### WORK TO BE COMPLETED
Leaving out the pictures, retype exactly the lines from the one holding "Establishment of a" through the end of the material.

### RECORDED DATA
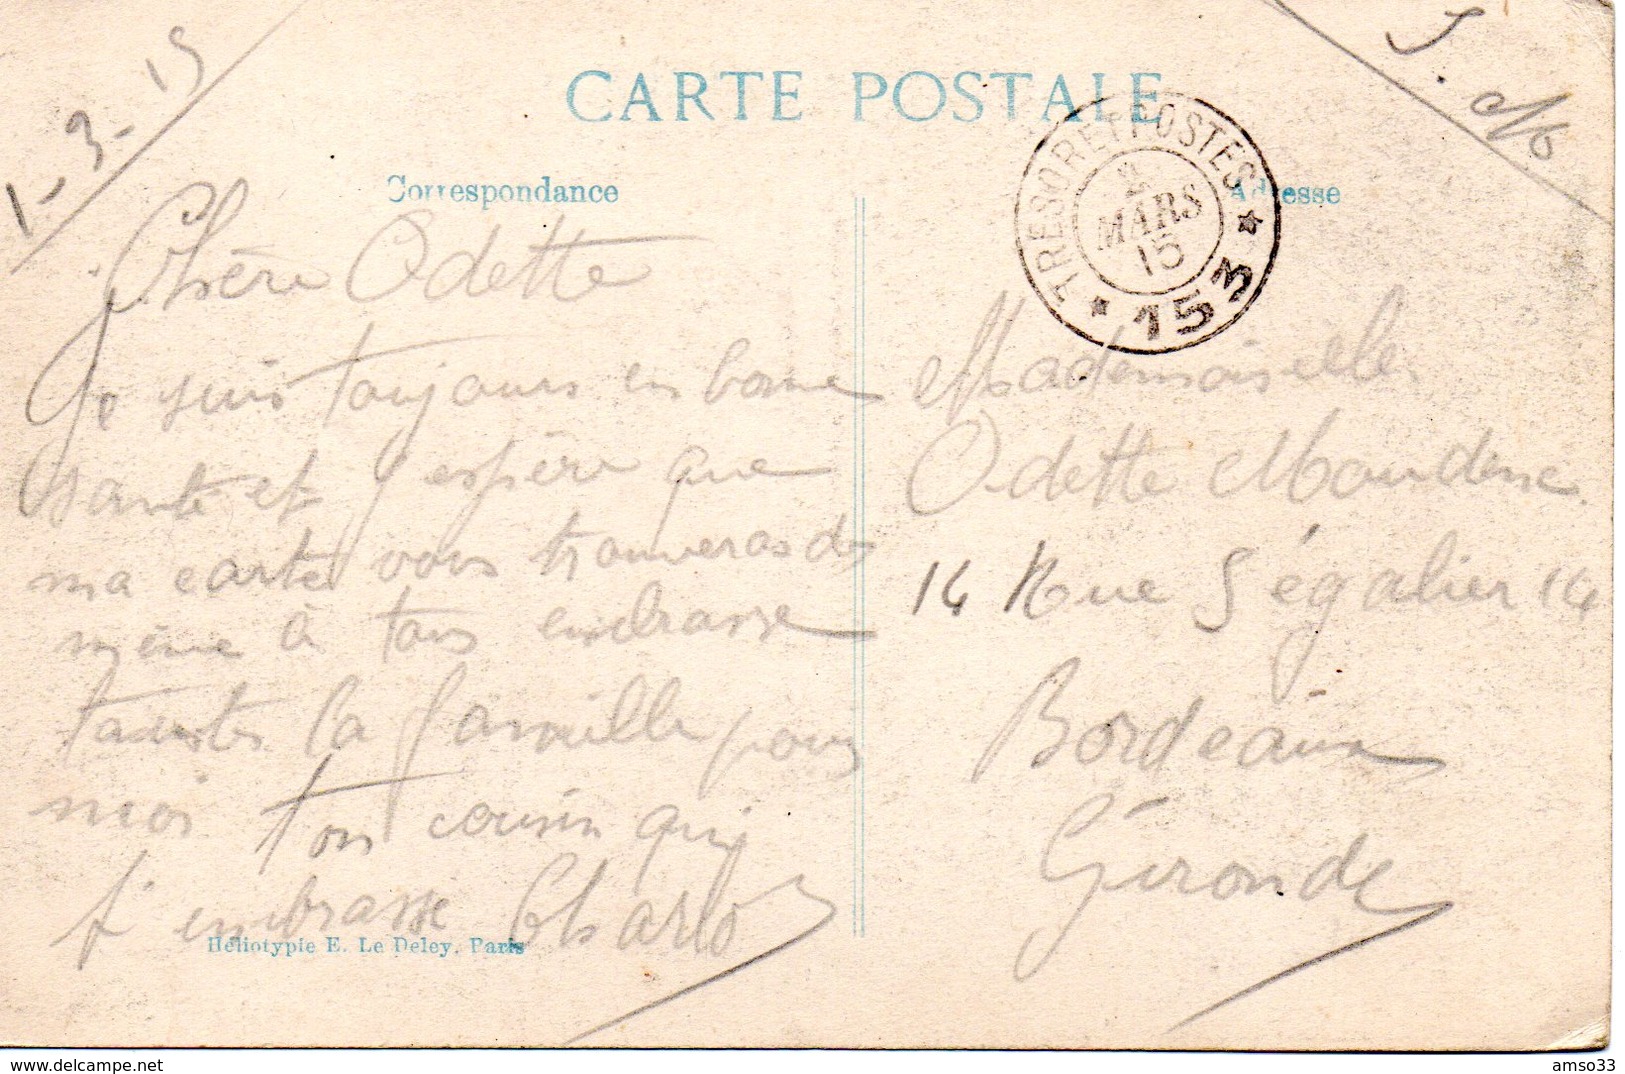 9715. CPA CONSTANTINOPLE. L'AMBASSADE DE FRANCE 1915 - Turquie
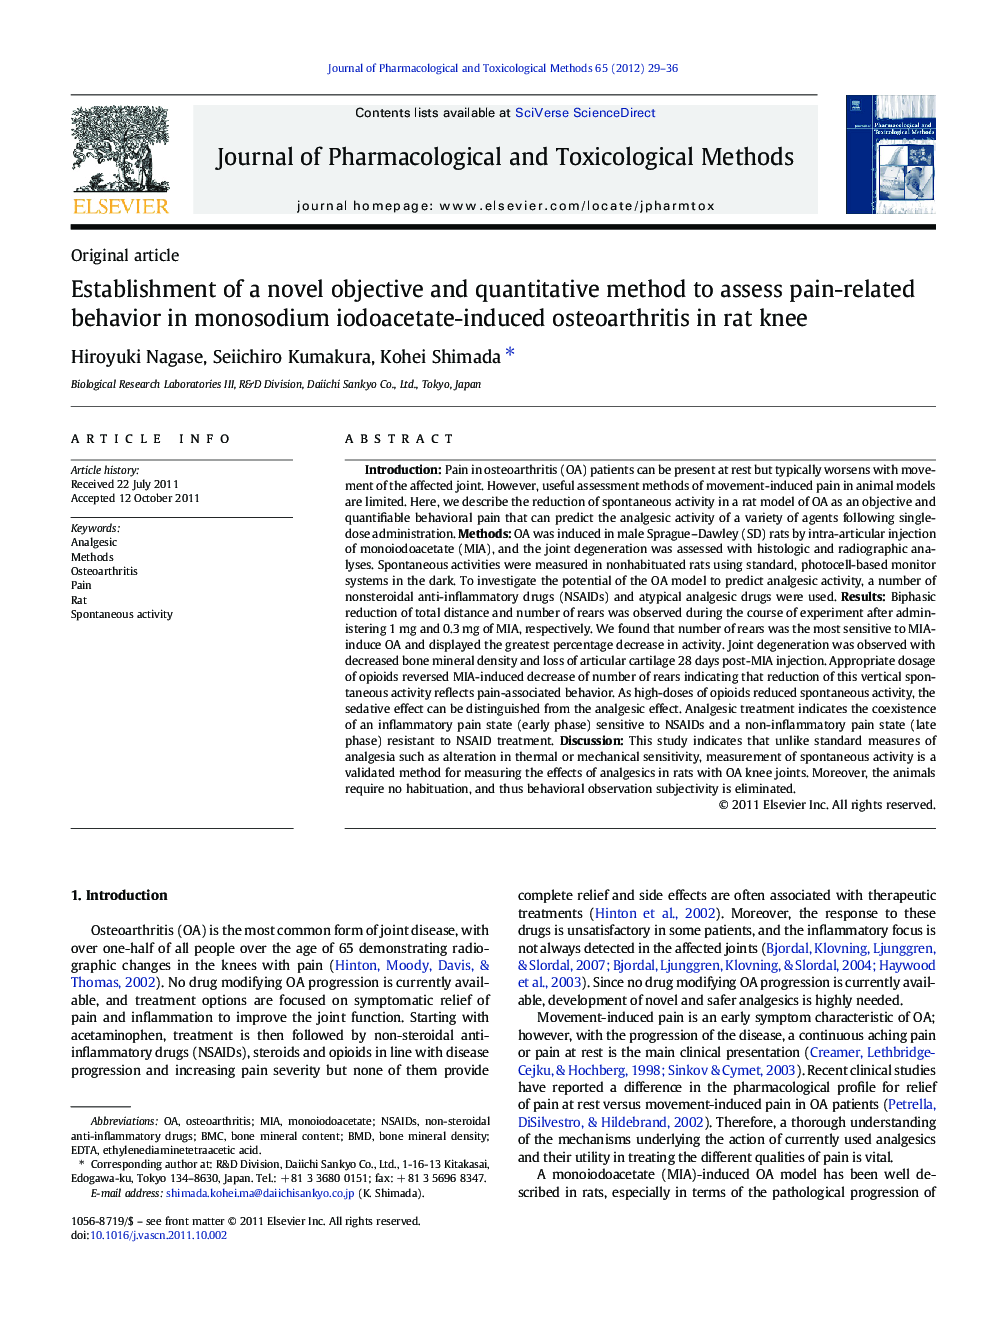 Establishment of a novel objective and quantitative method to assess pain-related behavior in monosodium iodoacetate-induced osteoarthritis in rat knee
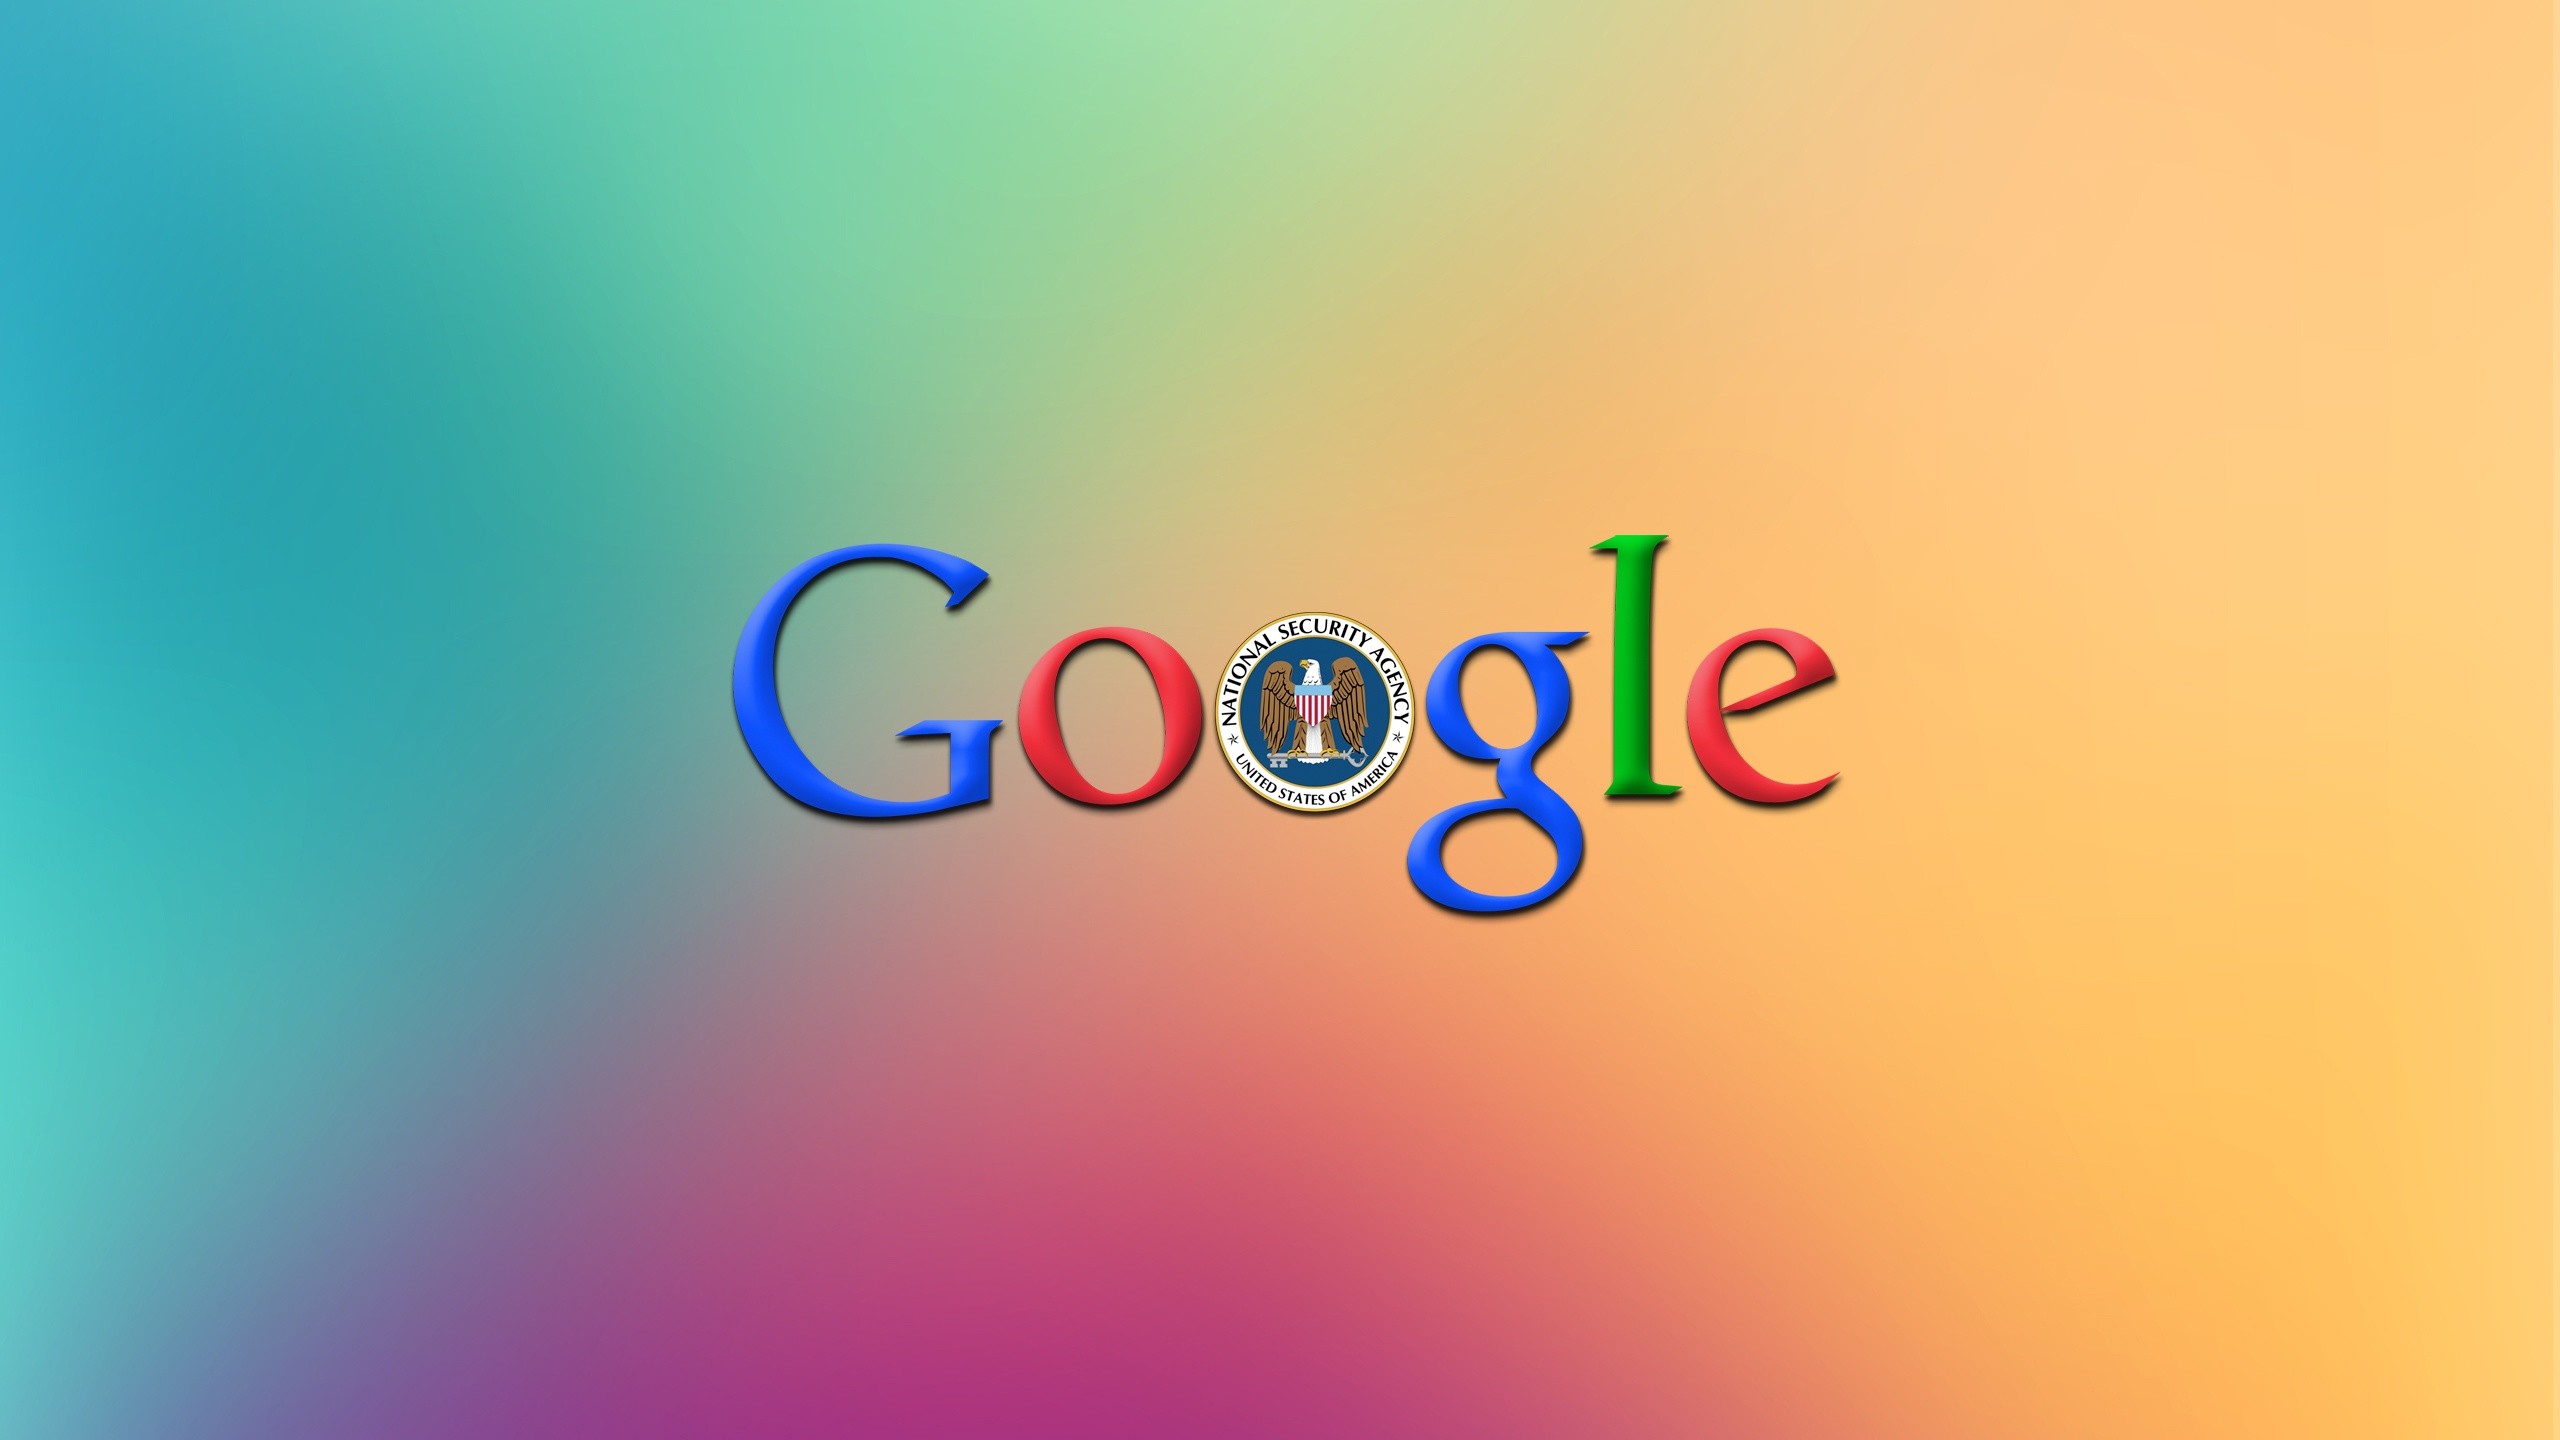 2560x1440 Google Apps For Education wallpaper

### RESULT FOR THIS TASK
 Establishment of a novel objective and quantitative method to assess pain-related behavior in monosodium iodoacetate-induced osteoarthritis in rat knee
 2560x1440 Google Apps For Education wallpaper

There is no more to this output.